The Arnolfini is a well established contemporary arts centre and it is clear that this is a professional, high standard environment where the budget appears to be on a higher level to the previous galleries. It comes as no surprise that the Arnolfini is a partner of Tate, as the asthetics are of a similar nature.
The exhibitions viewed during our student trip were Mierle Laderman Ukeles, Maintenance Art Works 1969–1980 and Michael Dean, The Introduction of Muscle, 2013.

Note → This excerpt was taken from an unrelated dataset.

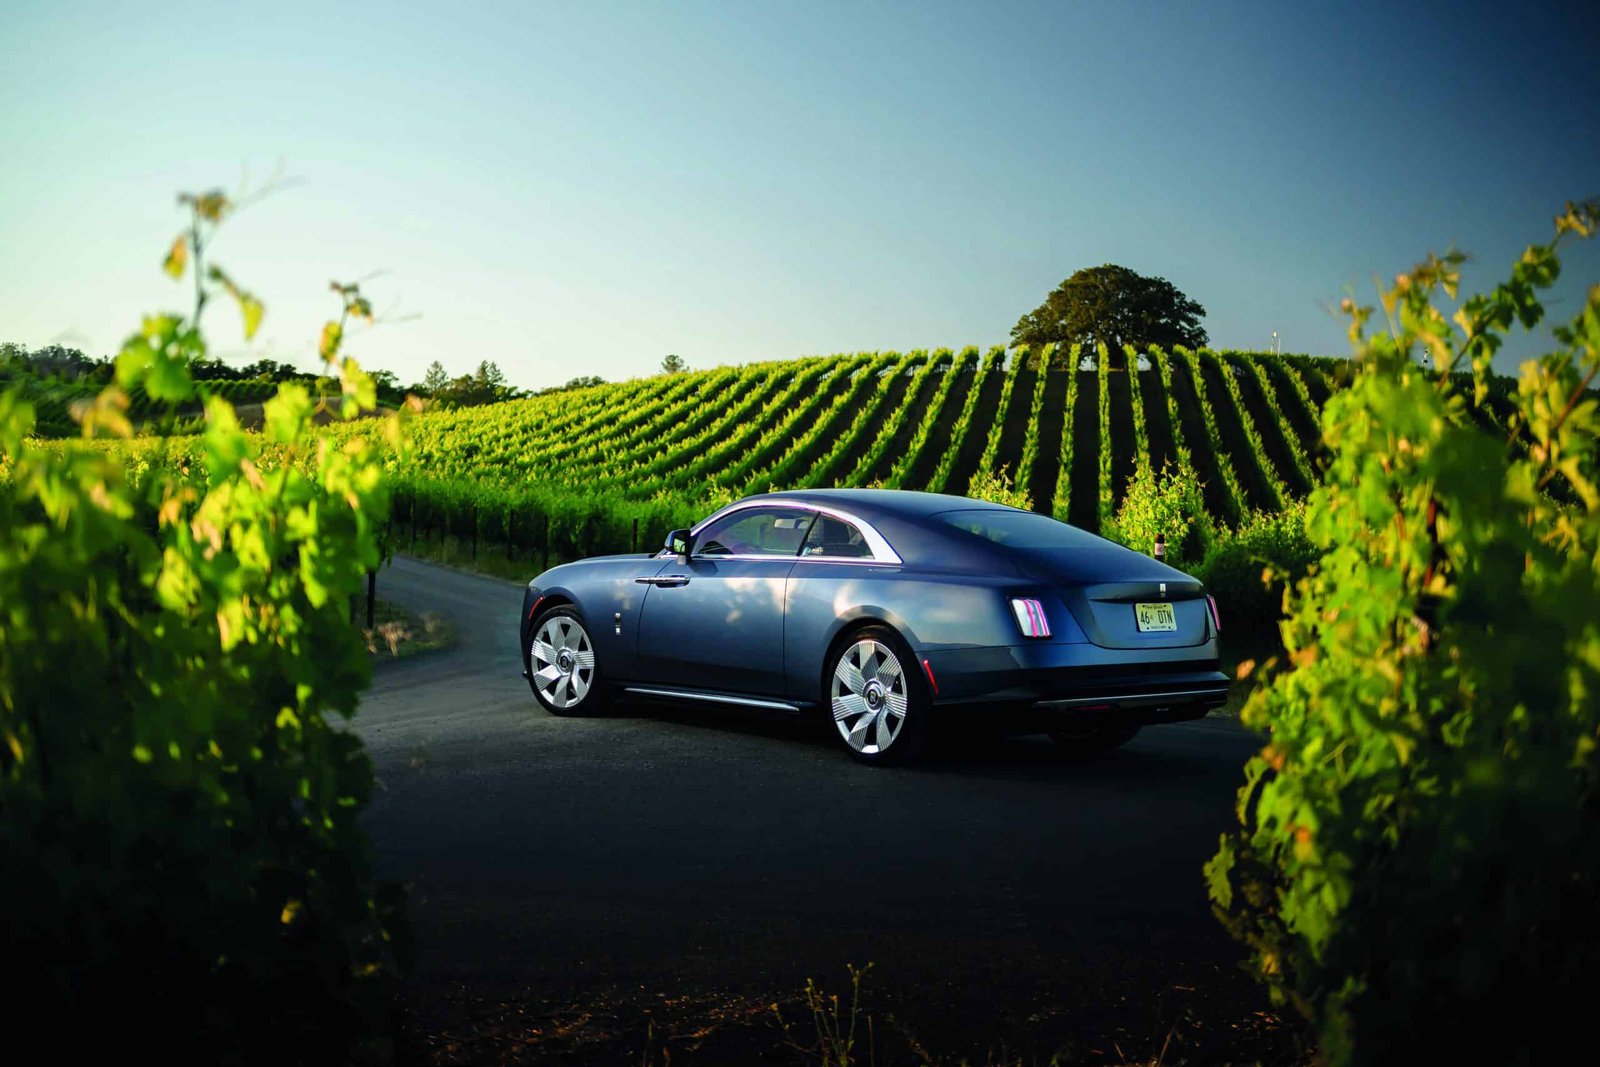 The Spectre of a Rolls Royce Wraith is driving down a road in a vineyard.

Ukeles exhibition consisted of photographic imagery, film and text based pieces – all relating to her everyday routines i.e. maintenance of daily life. The work comes across as very archival in nature and with photograph after photograph – all of a similar format, it personally felt difficult to concerntrate on one singular image which led to a blasé attitude toward the work. However, every so often, along a line of horizontal frames, there would be one vertical frame. As expressed by the curator, this was an intentional request from the artist, and one wonders whether this was to distract the viewer and make them take notice, instead of generally surveying the images without much thought. Similarly, some of the images were displayed symmetrically together, while others were quite asymmetrical in there display.
A negatively distracting element however, was that in one of the gallery rooms, photographs were displayed directly opposite large windows which shone onto the glass frames holding the images, which distorted the the images slightly – making them difficult to view.
In stark contrast to Ukeles image after image, archive-like exhibition, Michael Dean’s exhibition was quite minimal. Dean is interested in the tactility of objects and particularly the ambiguity of concrete. This came across in the materials used in the exhibition – including the soft black carpet throughout the room juxtaposed with concrete sculptures. The materials as well as the colour palette of grey, black and white (walls) complimented each other well and created a striking exhibition.
The space was not filled with object after object and this allowed the viewer, time to comtemplate each piece without becoming overwhlemed. However, the large, almost ’empty’ space with high ceiling, could be considered intidating by some people – with the bright artificial lighting creating a perhaps, impersonal feel to the exhibition.
These two exhibitions were very different but linked by ideas of touch i.e. Ukeles – with her ‘hands-on’ maintenance art and Dean – with his interest in surface and tactility.